Data extract –

══════════

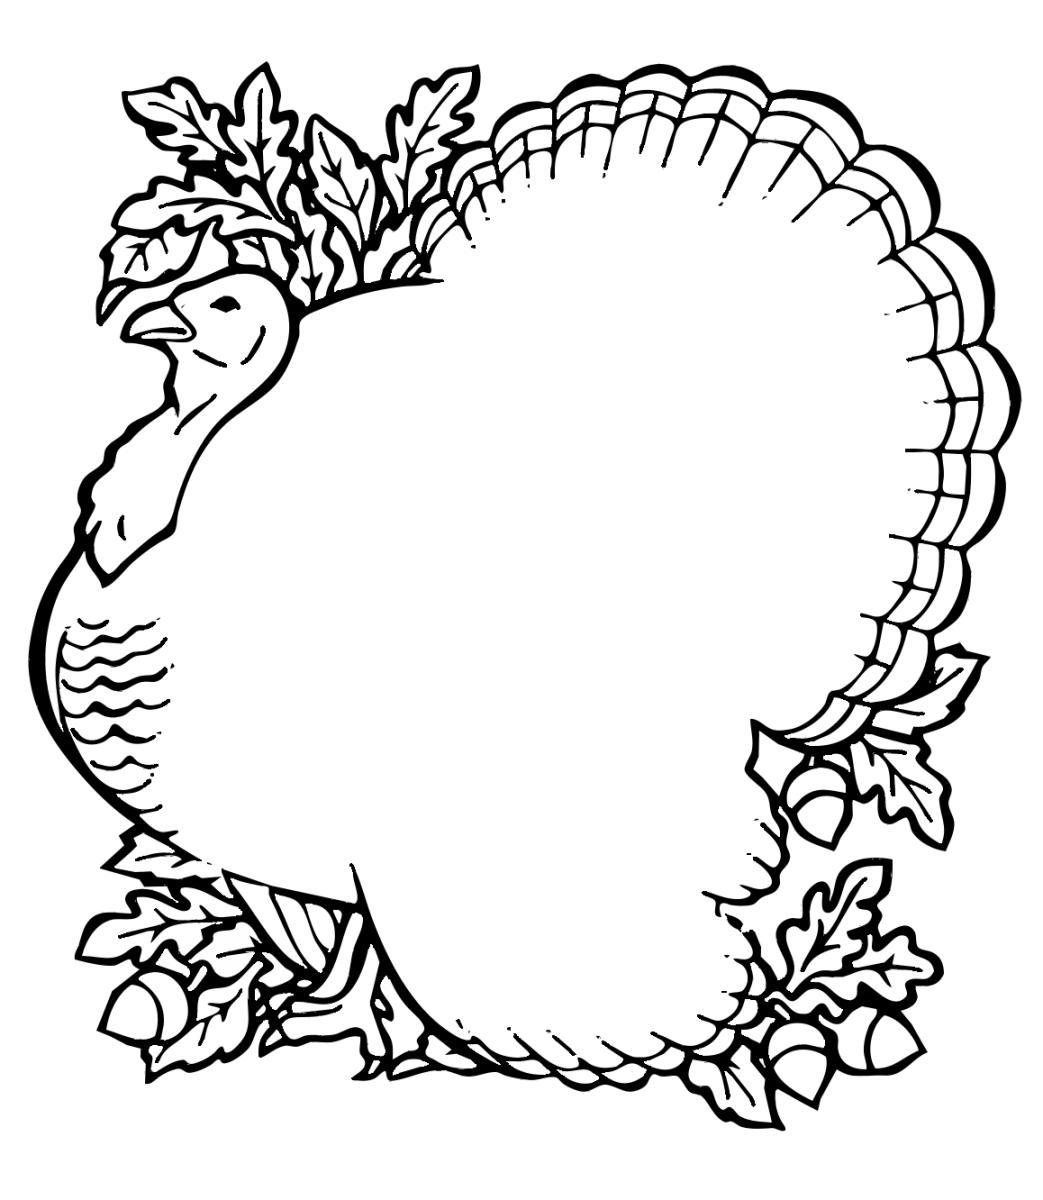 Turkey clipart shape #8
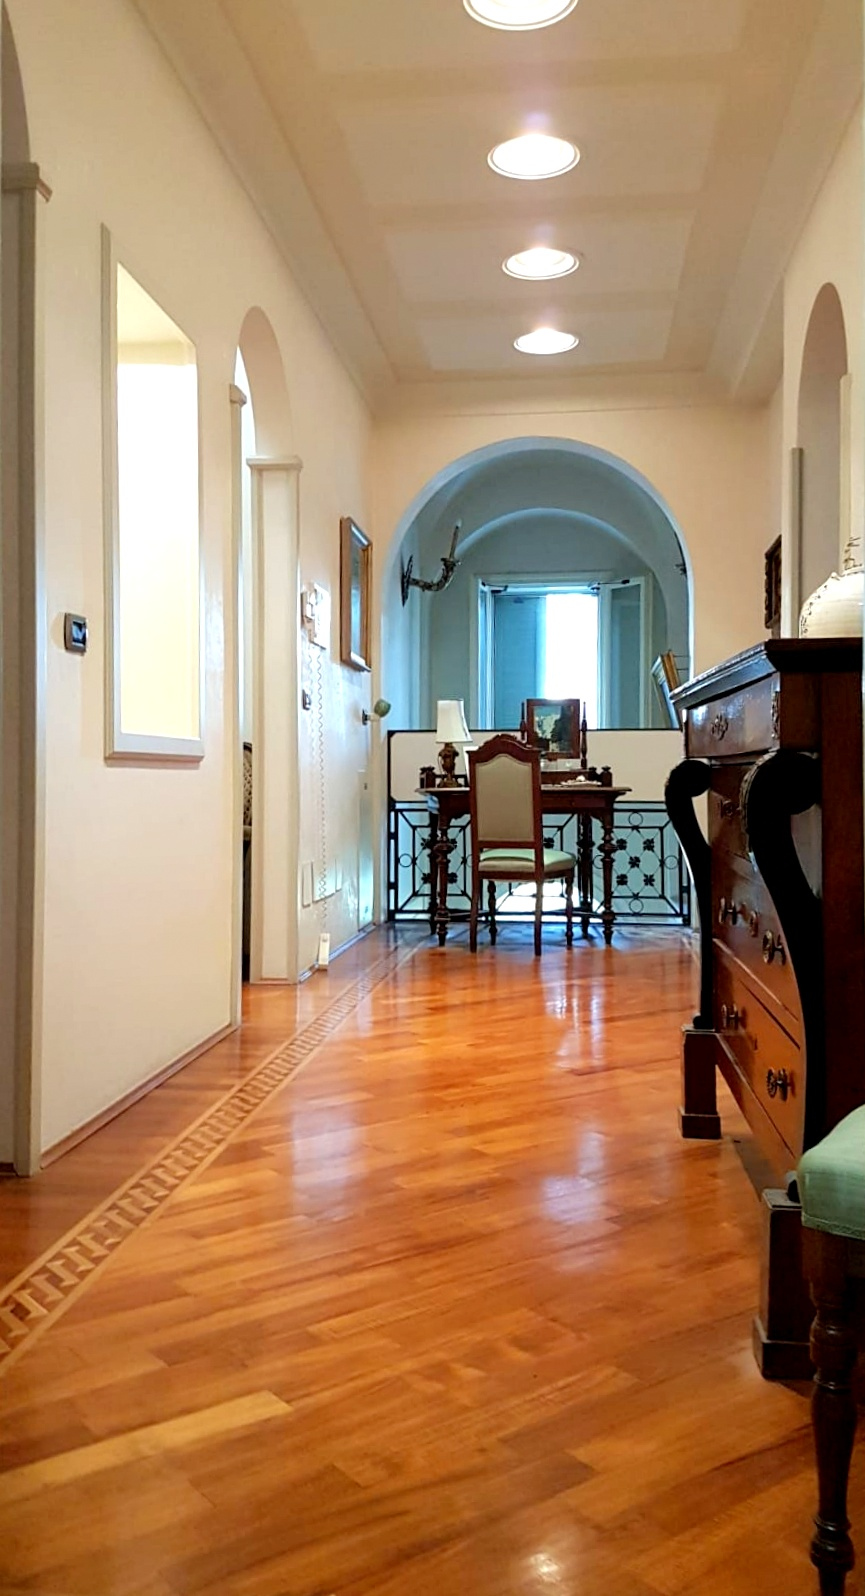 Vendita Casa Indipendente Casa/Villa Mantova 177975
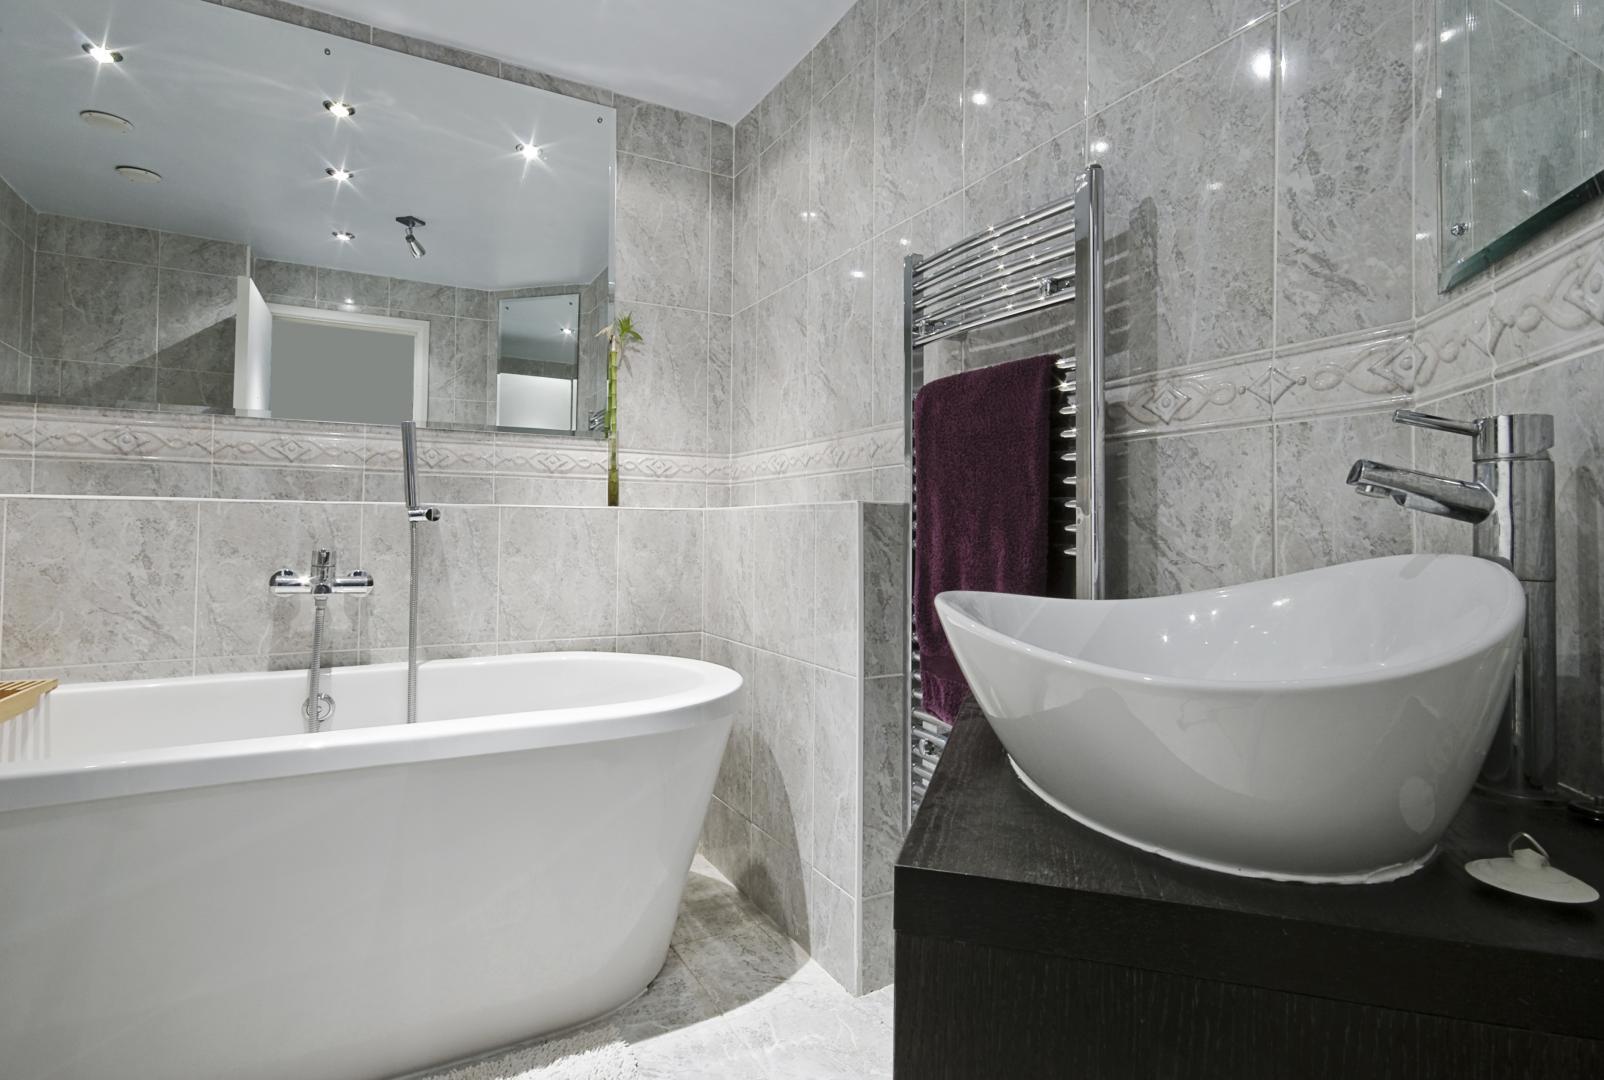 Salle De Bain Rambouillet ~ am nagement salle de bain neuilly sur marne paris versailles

══════════

Exercise brief – Print the complete listing exactly as it stands, without its pictures.

Answer below –
 Turkey clipart shape #8
 Vendita Casa Indipendente Casa/Villa Mantova 177975
 Salle De Bain Rambouillet ~ am nagement salle de bain neuilly sur marne paris versailles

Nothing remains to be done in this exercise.